The way to get better results is with agentic workflows that breakdown the task into smaller steps that the models can iteratively come to a correct result.
One important step I added to mine is a review step (in the reviewChanges.ts
file) in my workflow at
https://github.com/TrafficGuard/nous/blob/main/src/swe/codeE...
This gets the diff and asks questions like:
- Are there any redundant changes in the diff?
- Was any code removed in the changes which should not have been?
- Review the style of the code changes in the diff carefully against the original code.

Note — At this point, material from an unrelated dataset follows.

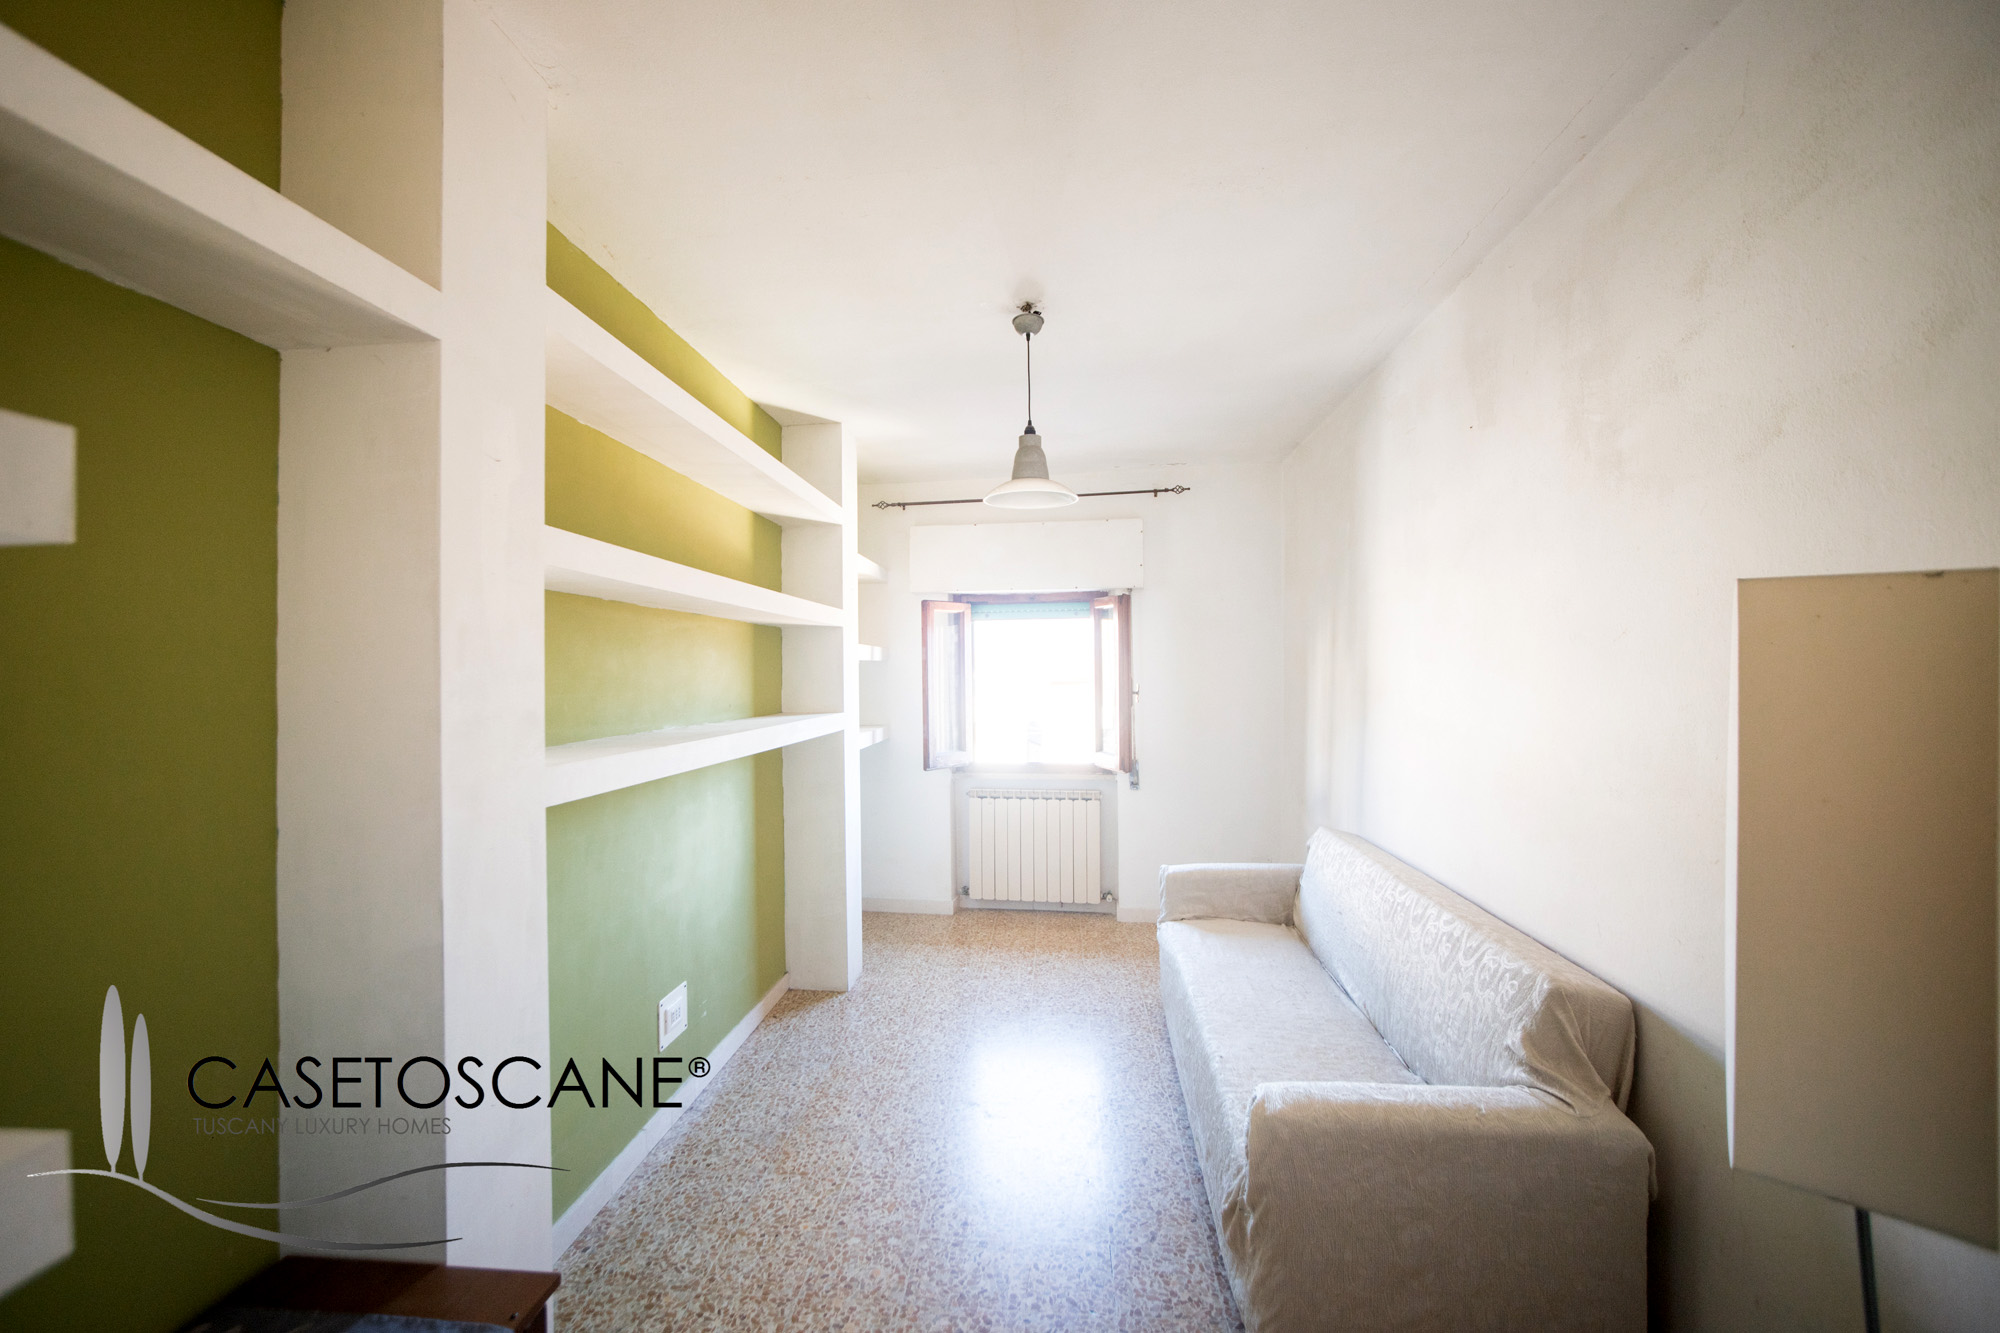 3133 - Ottimo appartamento di mq.105 al 2°P con torretta, in palazzo d'epoca nel centro storico di Bucine (AR).

Maybe try using that, or the package that I use which does the actual code edits called Aider https://aider.chat/
Also, is it a coincidence that at cheaper (potentially faster?) model has been released (just) before they roll out the "new" voice mode (which boasts very low latency)?
For the record, you should never use that in an application. Always explicitly note the full versioned model name. This will prevent bad surprises because not every new version is an improvement; sometimes they get worse, especially at specific tasks.
> By switching to the new gpt-4o-2024-08-06, developers save 50% on inputs ($2.50/1M input tokens) and 33% on outputs ($10.00/1M output tokens) compared to gpt-4o-2024-05-13.